The novelty of this study lies in its pioneering integration of HDBSCAN and LP, offering a scalable framework for intelligent EV charging coordination that surpasses limitations of prior methods, such as reinforcement learning’s computational complexity or LSTM’s uniform demand assumptions. HDBSCAN’s ability to handle noisy, high-dimensional data enables precise behavioral segmentation, while LP ensures efficient optimization under RTP, setting this approach apart from deterministic or simulation-based models. This dual-stage methodology delivers three key contributions:
  • Cluster-Specific Load Management: Pioneers HDBSCAN-derived demand profiles within optimization loops, enabling tailored DR strategies that outperform non-segmented models, as demonstrated by Winter Weekday’s 250 kW load shift within its 555.15 kWh/day DR limit.
  • Seasonal and Temporal Adaptation: Achieves robust adaptation to charging variability through scenario-based profiling, yielding peak reductions of 321.87–555.15 kWh (23.10–25.41%) across diverse conditions, surpassing studies lacking dynamic modelling.
  • Scalable Operational Feasibility: Balances grid capacity, charger constraints, and user heterogeneity under RTP, improving load factors by 14.29–17.14% (e.g., Summer Weekday: 0.70 to 0.82) and securing cost savings of $27.35–$50.71 (2.87–5.31%).
By integrating cluster-specific DR potentials into LP optimization, this framework establishes a promising standard for EV load management systems, pending further validation across diverse grid contexts, offering a practical solution for sustainable EV integration.

1.4. Organization of the Paper

This paper systematically presents the development, implementation, and evaluation of the proposed HDBSCAN-LP framework for EV charging optimization.

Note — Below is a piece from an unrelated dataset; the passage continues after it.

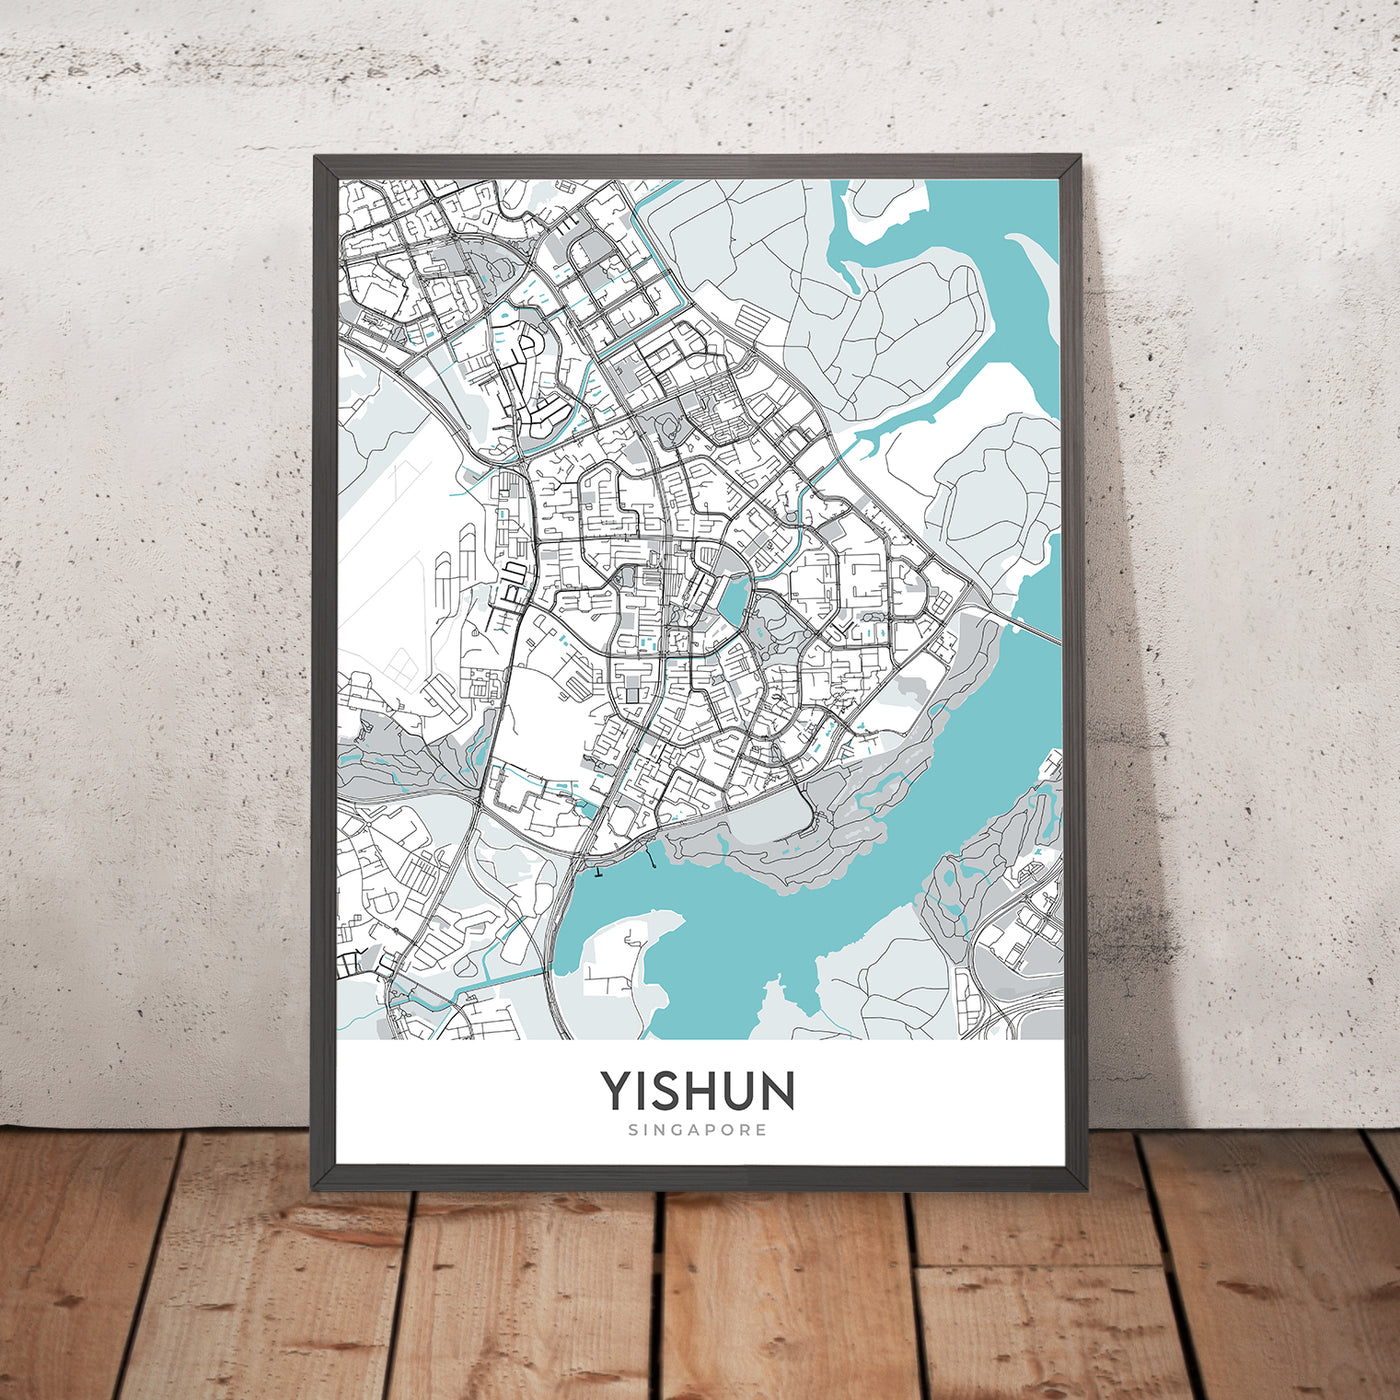 Plan de la ville moderne de Yishun, Singapour : hôpital Khoo Teck Puat, ville de Northpoint, réservoir Lower Seletar, parc Yishun, club SAFRA

Section 2 details the methodology, describing the two-stage approach: Pattern Identification and Load Profiling using HDBSCAN, followed by Load Optimization and Demand Response via LP, applied across four operational scenarios. Section 3 presents the results and discussion, analyzing the framework’s performance through quantitative metrics, such as peak load reductions and cost savings, and qualitative visualizations across seasonal and temporal scenarios, supported by a real-world dataset of 72,856 charging sessions. Section 4 concludes the study, summarizing key findings, contributions, and limitations, while outlining future research directions, including integration with renewable energy sources and dynamic DR participation. The paper concludes with a comprehensive list of references, providing the theoretical and empirical foundation for the study.

2. Methodology

The Methodology section outlines the two-stage framework for optimizing electric vehicle (EV) charging loads to achieve demand response (DR) objectives. The first stage, Pattern Identification and Load Profiling, uses Hierarchical Density-Based Spatial Clustering of Applications with Noise (HDBSCAN) to cluster charging behaviors and generate generalized load profiles. The second stage, Load Optimization and Demand Response, employs linear programming (LP) to redistribute these loads under real-time pricing (RTP) constraints, minimizing operational costs and peak demand. The framework is evaluated across four scenarios—Summer Weekday, Summer Weekend, Winter Weekday, and Winter Weekend—defined by seasonal intervals (Summer: June–October; Winter: November–May) and day types (Weekday: Monday–Friday; Weekend: Saturday–Sunday) [9]. These scenarios capture spatiotemporal variability in charging patterns, ensuring the framework addresses diverse operational conditions. Figure 1 encapsulates the flowchart of the methodology used in this work, linking data preprocessing, clustering, profiling, optimization, and validation.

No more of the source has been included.